What Happens If Everyone Is Held Accountable for Sales Success

Cindy the salesperson was explaining to the owner of the company why the quarters sales results were 30% below the predicted forecast. “The customers keep saying our pricing is not competitive. In addition, the buyers lied and the competition convinced the buyers we have inferior offerings. It’s not my fault; I can’t control those things. Maybe our goals are unrealistic or are too aggressive?” Cindy then resorts to offering substantial discounts to her prospects but doesn’t get any more business. Ten months later the year ended with less than 20% of opportunities projected becoming clients. Cindy is now working for a new company.

Blaming external factors for a lack of success is a common sales phenomenon; funny how they never blame external factors for success.

It’s always “I won the sales” and always “We lost it.” Funny how that works, isn’t it? A well-known and central tenet of Guess Free Selling is that nothing happens until someone takes personal responsibility. This death spiral is compounded when a company owner or sales management takes all of the feedback from the sales team as gospel and resists asking for confirmation of these assertions with facts or even to simply challenge the assumptions in the first place. Sales people tend to externalize The VERB in order to deal with a lack of success.

The VERB

  • Victim (I am being taken advantage of, or Everyone is against me)
  • Entitlement (You owe me, or That is not my job)
  • Rescue (Help! I need you to help me or bail me out)
  • Blame (This is out of my control, or Someone is not doing their job)
  • Many discounts, special terms, or other offers that salespeople give away for nothing in return are cloaked in shreds of validity and reasons that are easy to accept as factual. However, this continues the dysfunctional cycle of Discounting and giving things away for nothing.
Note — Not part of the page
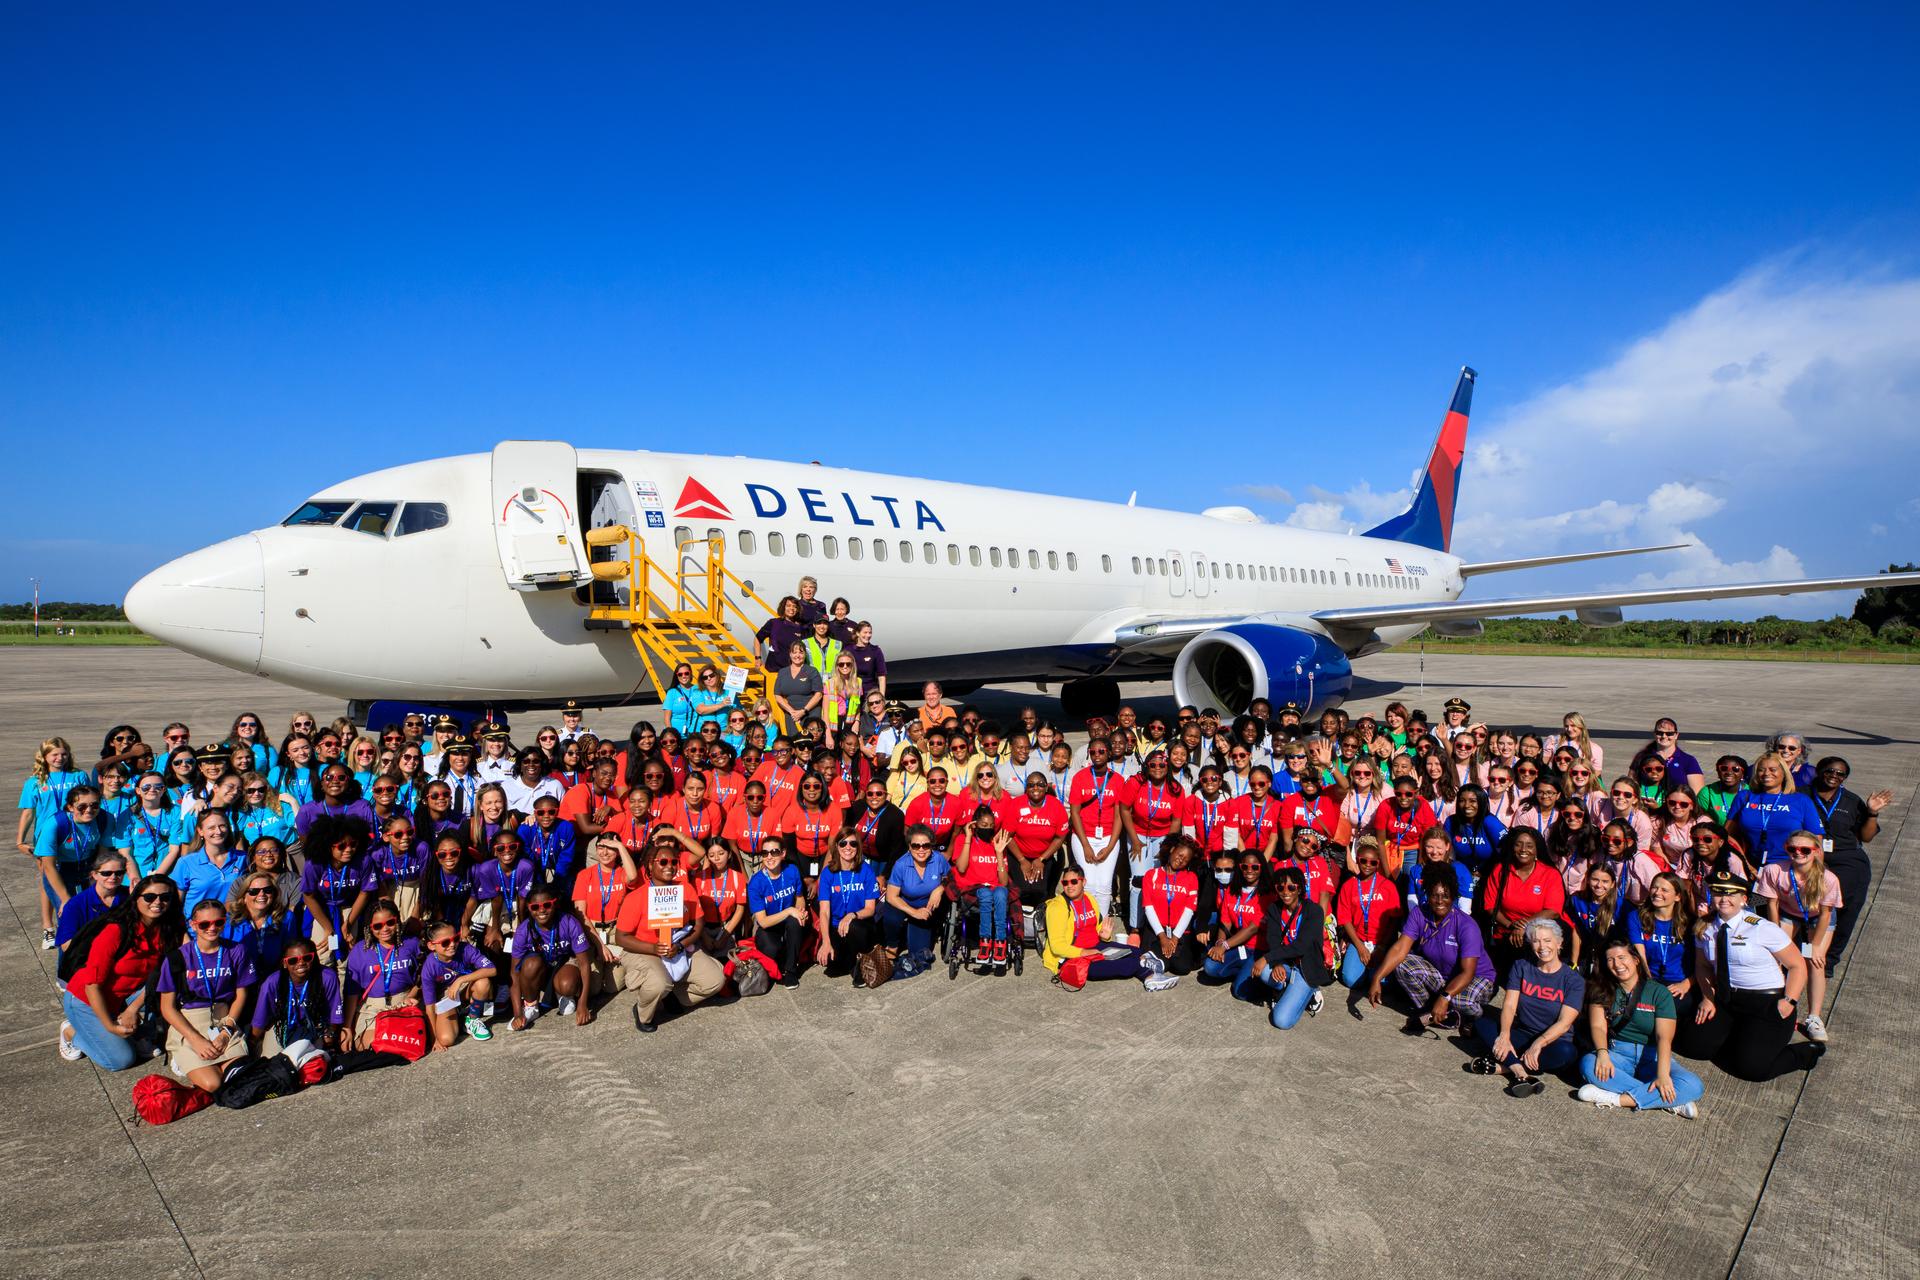 Students from various schools and organizations with a STEM (science, technology, engineering, math) focus are photographed with employees from NASA’s Kennedy Space Center at the Launch and Landing Facility following their arrival to Kennedy on Friday, Sept. 22, 2023, as part of Delta Air Lines’ Women Inspiring Our Next Generation (WING) flight.

    Related: Would You Actually Pay for Uncertainty?

    A fish stinks from the head down. Management must bring a winning mentality to the sales team. (Salespeople, listen up, too!) First, stop accepting excuses not backed by facts, and second start coaching sales people to recognize when they are using The VERB. Awareness always precedes change.

    Sales leadership needs to challenge all assumptions when reviewing a salesperson’s pipeline, to ask the rep for answers to the tough questions the reps should have asked the buyers on the sales calls; not to allow sales to be forecasted without the buyer’s up front agreement a decision will be made at that time. Taking accounts off the forecast until the decision date can be confirmed by buyer conversations is the best way to enforce this behavior. In some cases you may have to make a “flip call” to confirm information directly.

    This type of internal coaching empowers salespeople to be persistent of their sales calls.


    If everyone is held accountable for sales success change will happen. From the CEO down, everyone should listen for The VERB and point it out when they hear it. When excuses and discounts are unacceptable there is a positive, supportive, growth-oriented environment. This attitude produces increased earnings and shorter selling cycles.